Да, мы удалились от Луны на величину ее радиуса, траектория задиралась все круче. К исходу первого часа поднялись более чем на три тысячи километров, Земля уверенно подбиралась к зениту, вектор скорости запрокидывался. Мы шли к Земле, это было несомненно. Луна все еще доминировала в небе, но была уже не внизу, а позади нас!

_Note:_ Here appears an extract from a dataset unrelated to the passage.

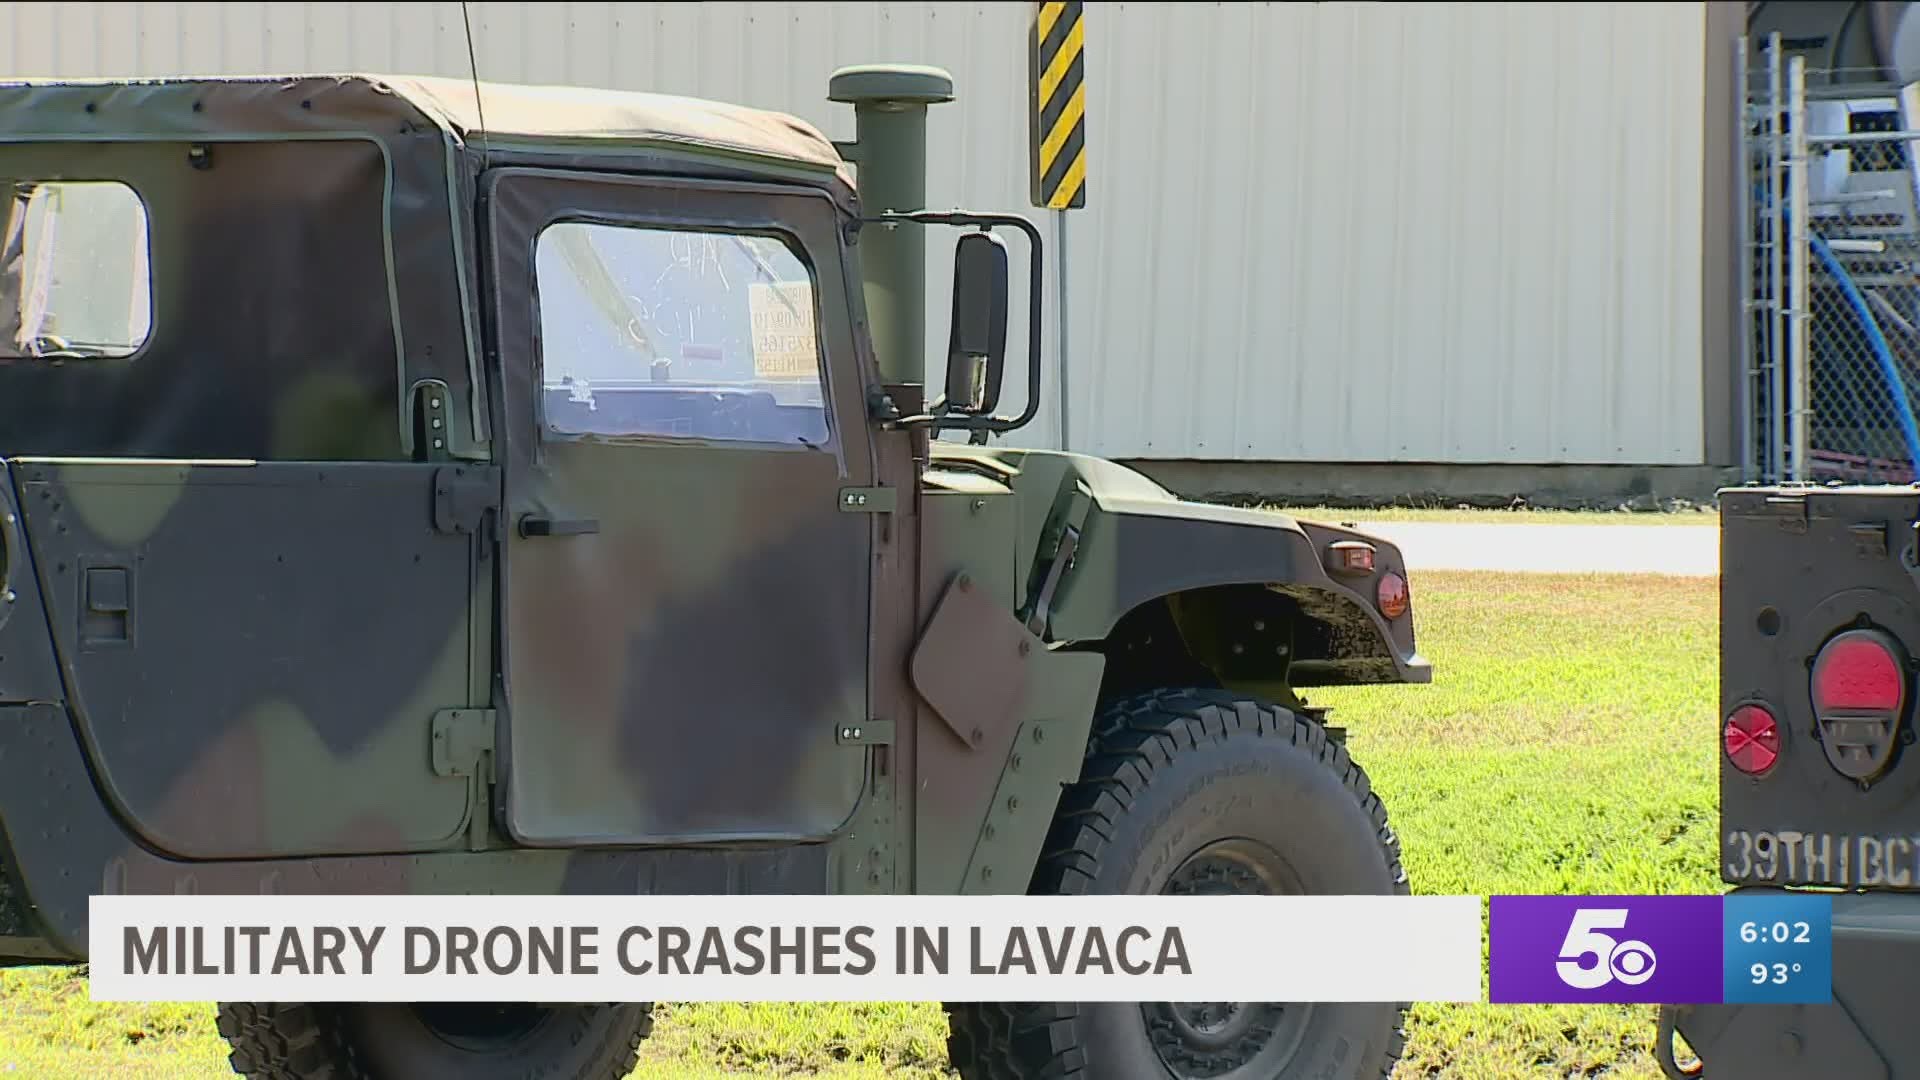 Witnesses told police they saw a military drone crash in Lavaca city limits on Tuesday. https://bit.ly/32paXBw

– Завтра заправимся, – мечтательно проговорил Коршунов. – А через недельку, глядишь, будем сидеть где-нибудь на бережку, на камушках, и потягивать из синего моря рыбку – большую и маленькую. Настоящую рыбку, Саша…
– Что значит «настоящую»? – поинтересовался я.
– Ну, у нас, на спутниках Юпитера, – объяснил он, – ты знаешь, тоже есть океаны. Подо льдом, можно сказать, бездонные. Но они, в отличие от земных, безжизненны. Так, по крайней мере, считалось. Вот уже много лет в системе Юпитера работает несколько биологических станций. Биологи пытаются заселить местные океаны земными формами жизни. Вода – она всюду вода. Да ты слышал об этом, Саша…
– Только краем уха, – возразил я. – Знаю, что такие опыты проводились, но ничего конкретного. Слишком далеко от моей обычной работы.
– Правда? – оживился он. – Что ты, за последние годы результаты получены просто отличные. Отличные от всего, что кто-либо ожидал. Теперь в поставленную ловушку нетрудно поймать, например, семгу, угря или даже треску. Но может забрести туда и чудовище… А они страшные, Саша.
Он замолчал.
– Насчет семги или даже трески мне понятно, – сказал я. – Но откуда взялись чудовища?
– Никто не знает. То ли какие-то мутации. То ли там всегда водилась эта нечисть. То ли возникли гибриды местных и земных форм. Некоторые из этих существ ужасны на вид, но вполне безобидны и даже полезны во многих отношениях. В гастрономическом, например. Зато есть и такие, которые рвут любые сети и приводят в полную непригодность самые изощренные ловушки. Есть существа-оборотни, принимающие любые обличья. А самое страшное из них называется Тьма…
– Тьма? – Жутким, нездешним холодом веяло от этого названия. – Почему именно Тьма?
– Никто ее толком не видел, Саша, – сказал Коршунов. – Никто из ныне живущих. Человек, столкнувшийся с Тьмой, гибнет. Приборы выходят из строя, пленки стираются и засвечиваются. Никто из живых не видел ее, но все-таки она существует. Опасное это дело – охота в системе Юпитера…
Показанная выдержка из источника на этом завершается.